It is important to review and take inventory of the content currently in the repository to get a clear picture on the structure, quality, and volume of the current data, so that potential issues can be addressed before the migration. The result of this analysis can further refine the scope, technical requirements, and timeline of the project.

Objectives

  • Identify any potential issues with the current data
  • Identify a subset of data which can be used for initial iterative testing
  • Determine the level of effort and resources needed for migration

Suggested Collaborators

  • Technical Lead
  • Developers
  • Functional Specialists, i.e. metadata librarians, digital preservation teams etc.

Example

Instructions

There are different ways to conduct a review of your current data. Typically, each institution has their own process for handling, reviewing, and updating their own data within their repositories. One example could be using spreadsheets to maintain metadata and data for all items contained within the repository in question, but information can quickly become out of date without regularly scheduled reviews.

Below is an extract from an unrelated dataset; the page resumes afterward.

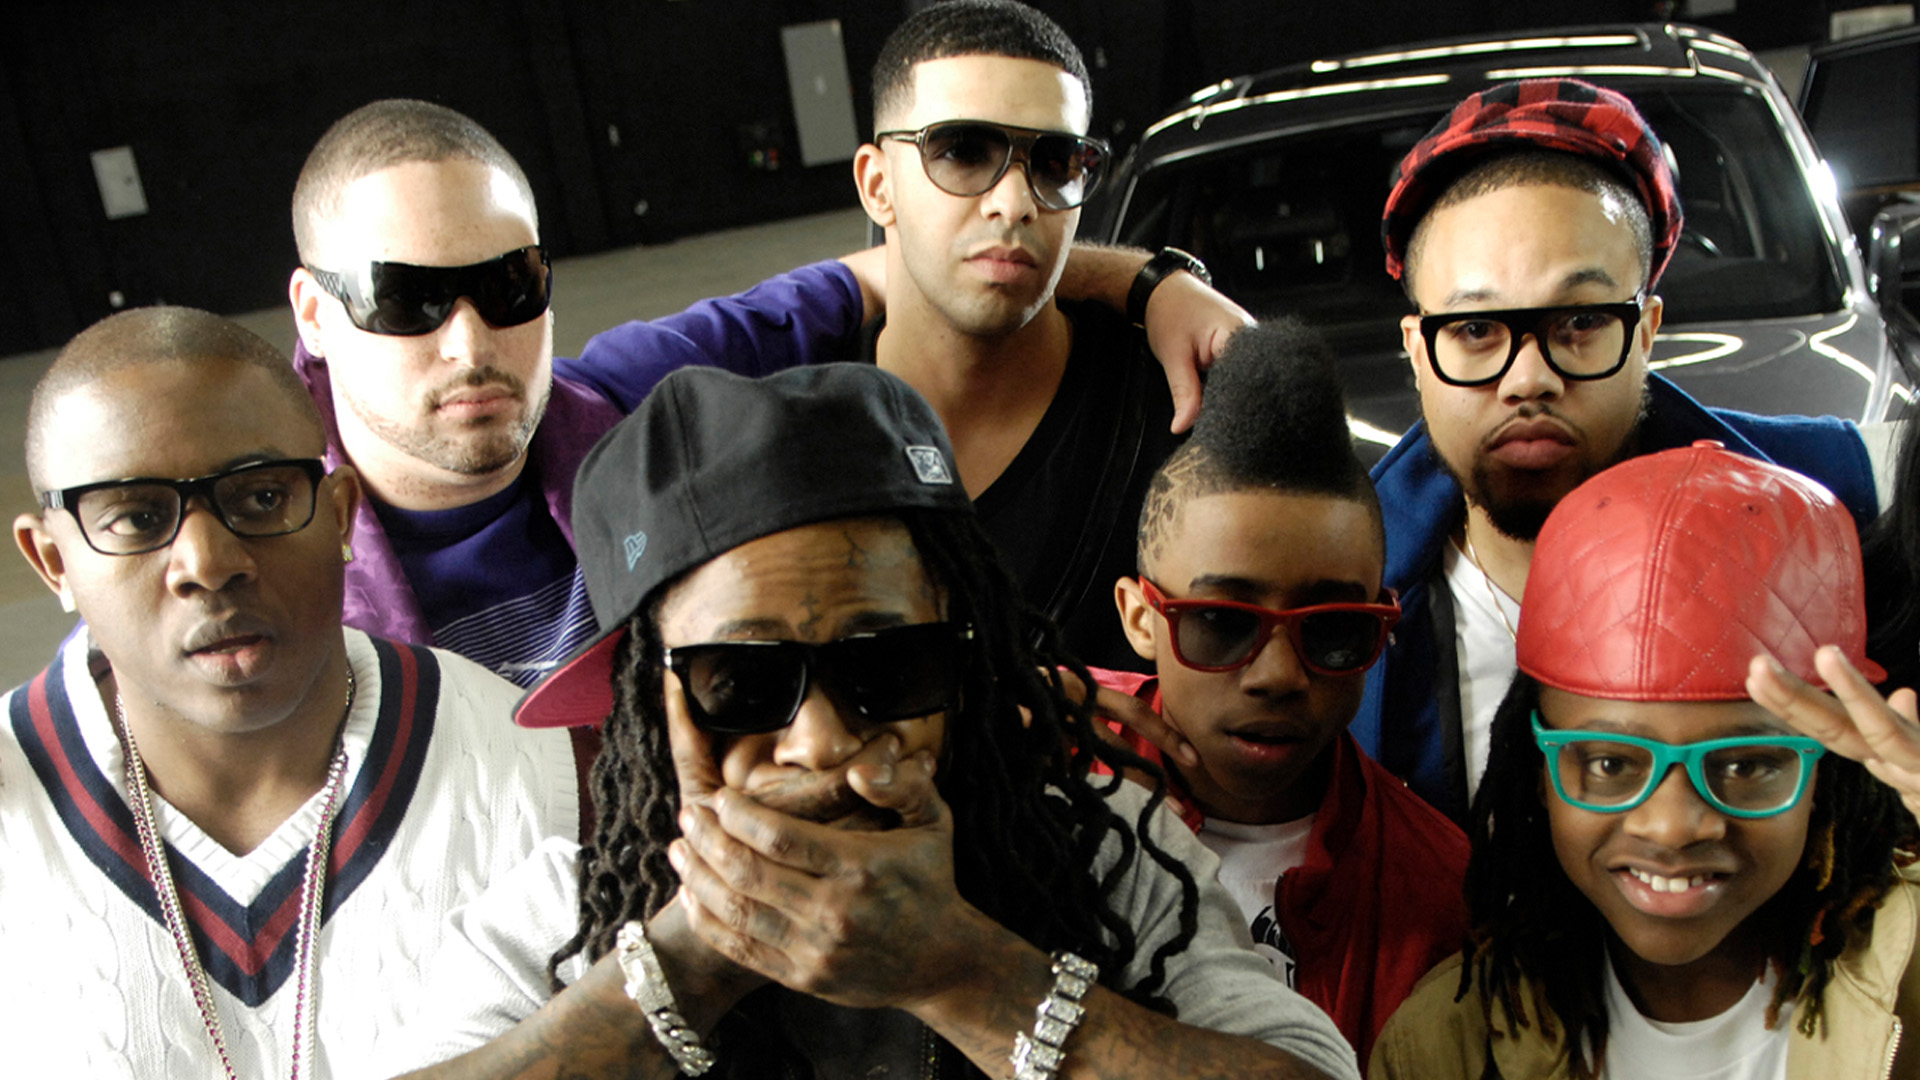 Bed Rock (Ft. Lil Wayne, Gudda Gudda, Nicki Minaj, Drake, Tyga, Jae Millz & Lloyd) av Young Money

This risk may be a factor when you consider your individual use case.

One way to review your data is using Resource Index queries to return a list of content models and the number of objects associated with each model.

Follow these steps to determine content models and object counts in a Fedora 3.x repository:

  1. Access the Resource Index (RI) at /fedora/risearch

  2. Run the following ITQL query:

    select $a from <#ri>
    	where $object <fedora-model:hasModel> $a


    This will return a list of all content models in the repository.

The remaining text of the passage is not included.